Exercise data.
== Segment start ==

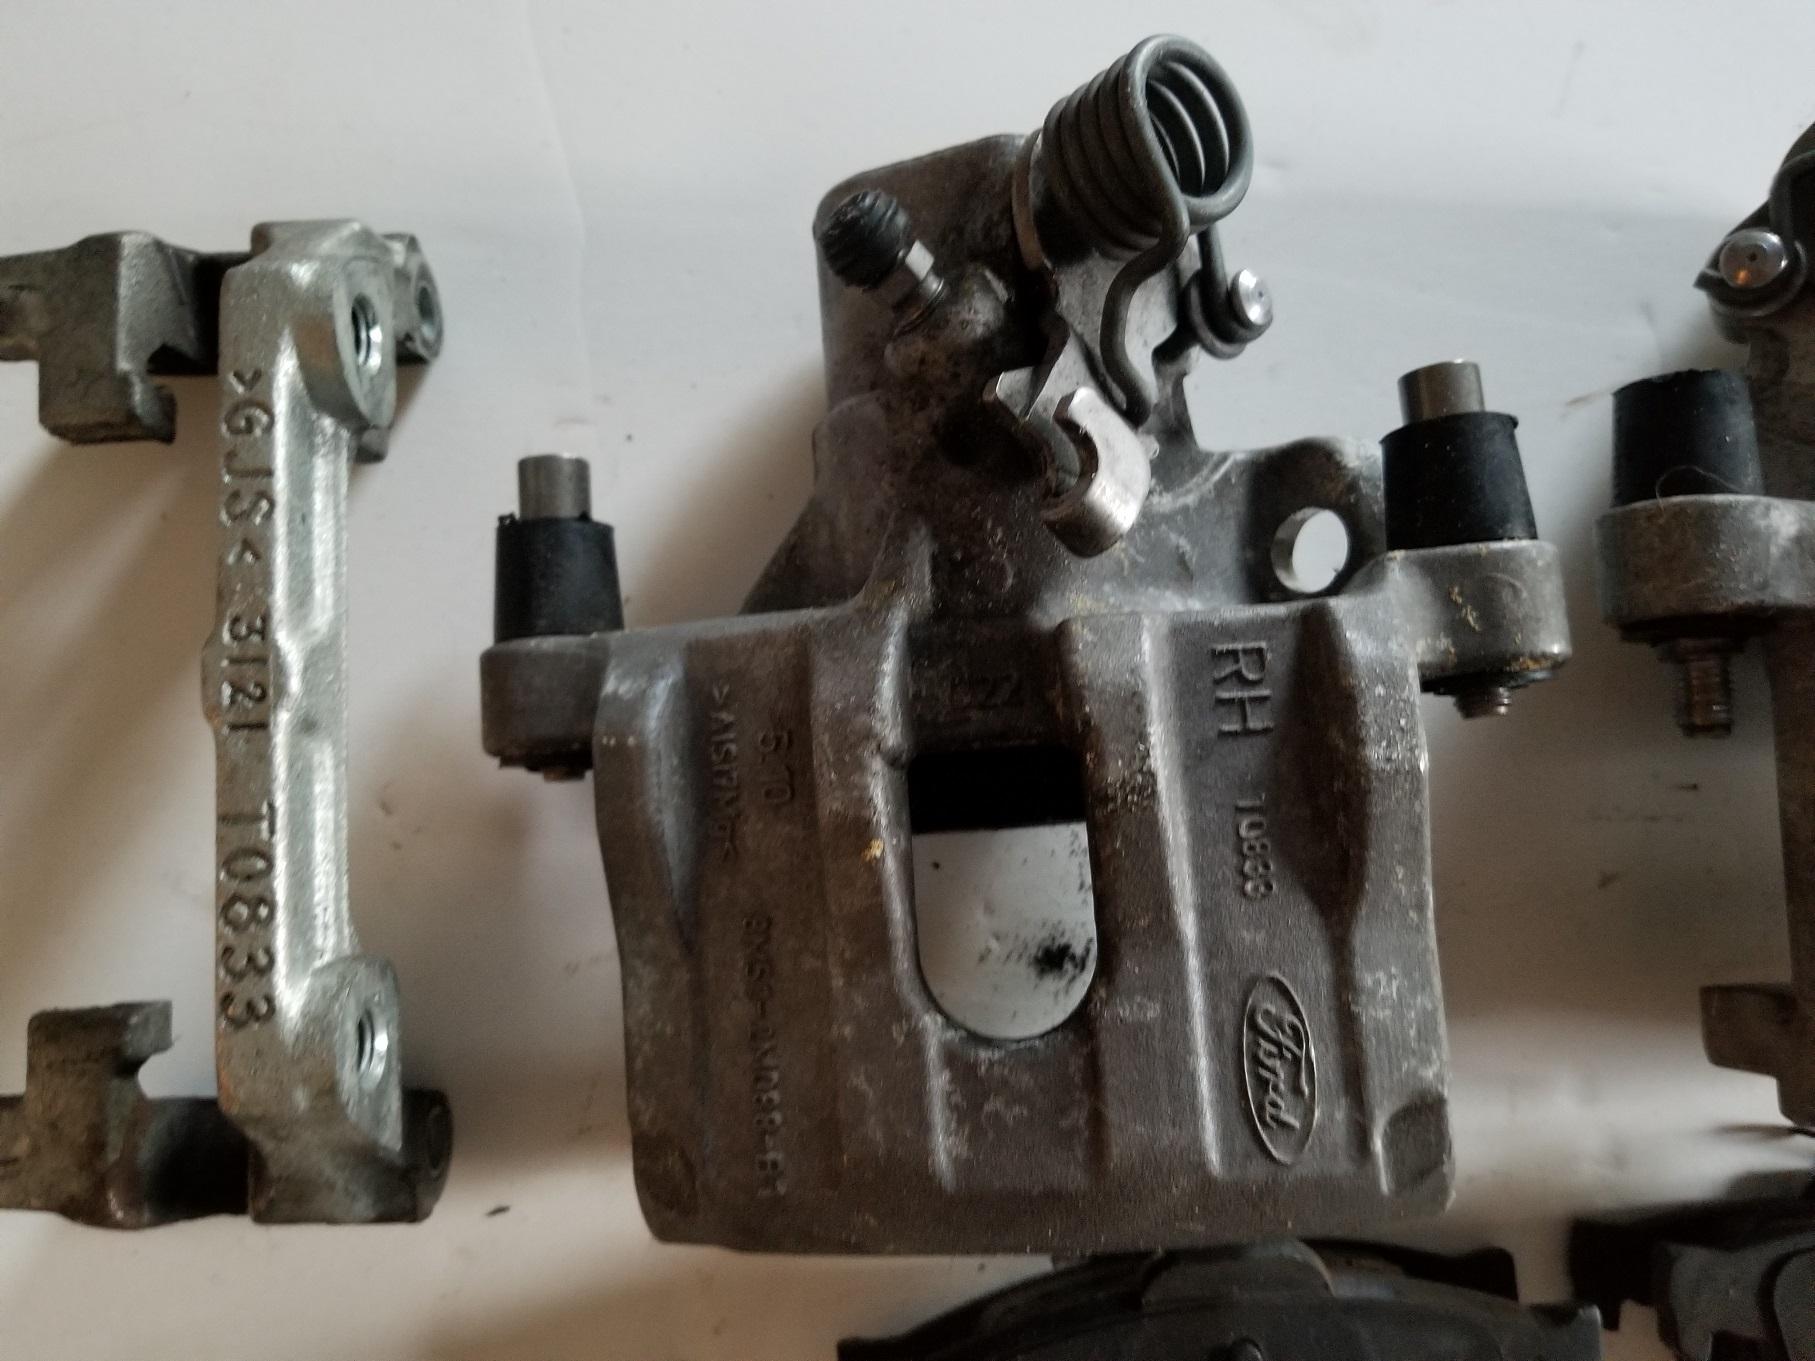 Massive Rear Disc Conversion Parts & Rear SVT Calipers-resized-2-1-.jpg
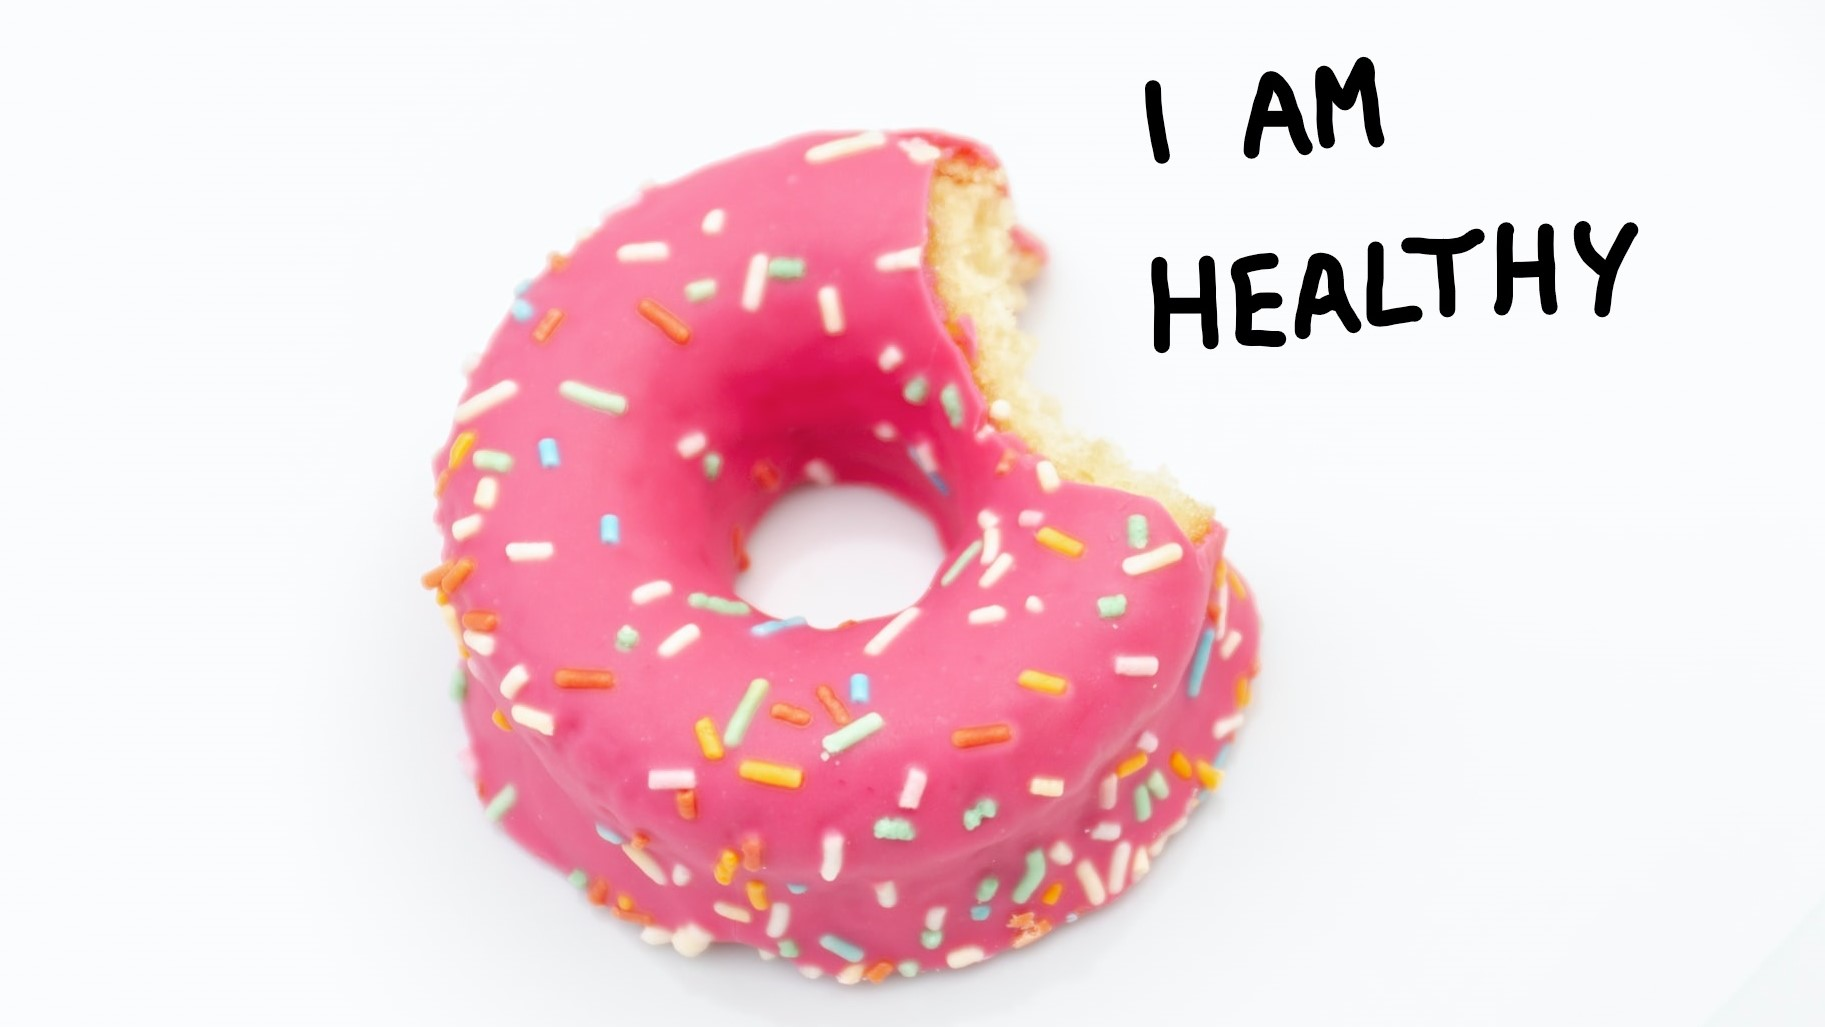 Donut mit Health Claim
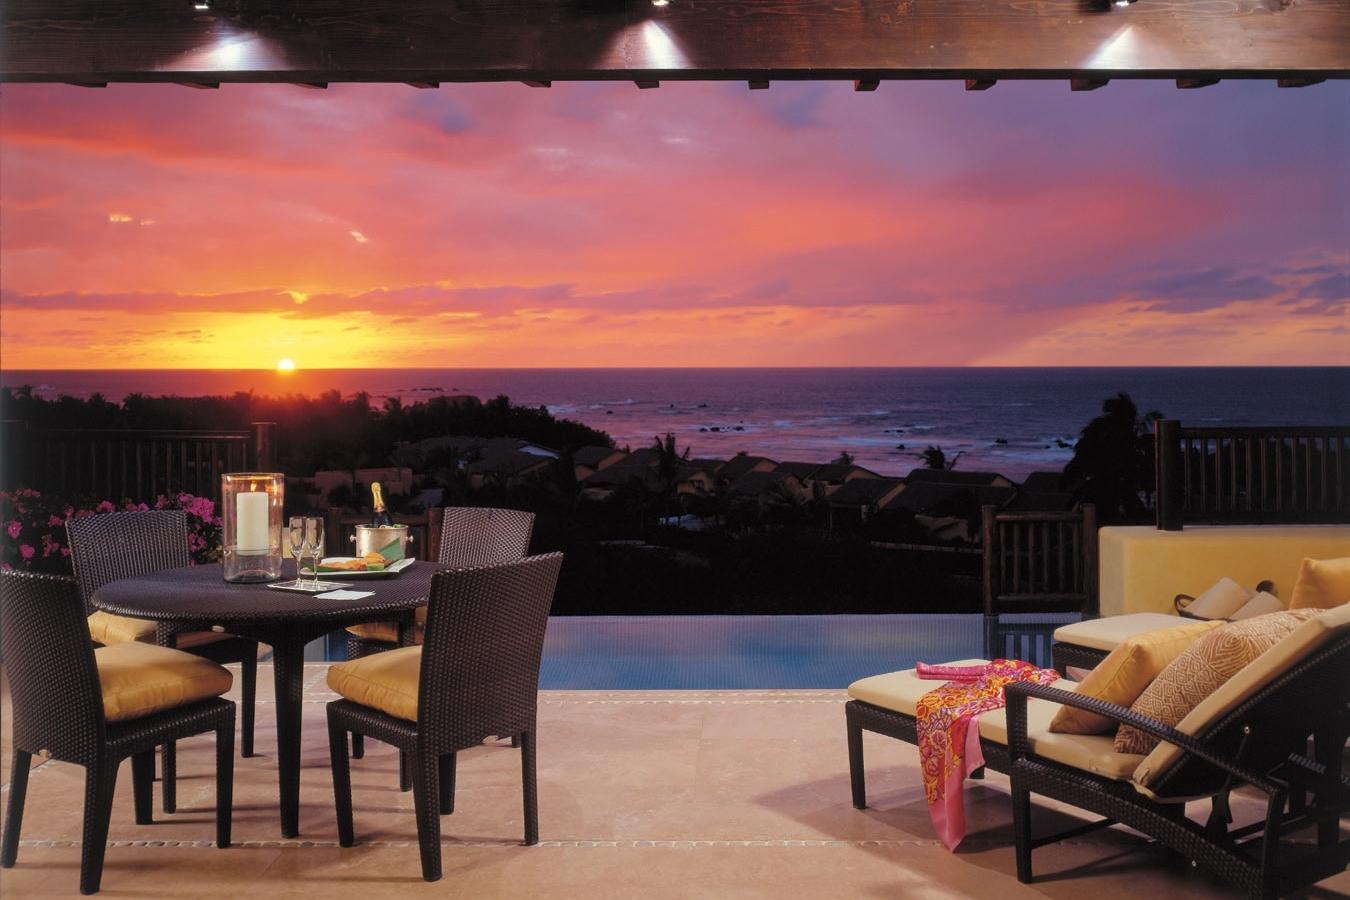 Four Seasons Punta Mita Terrace

== Segment end ==

What this task involves. The data above, line by line: transcribe it exactly and drop the pictures.

Task output.
 Massive Rear Disc Conversion Parts & Rear SVT Calipers-resized-2-1-.jpg
 Donut mit Health Claim
 Four Seasons Punta Mita Terrace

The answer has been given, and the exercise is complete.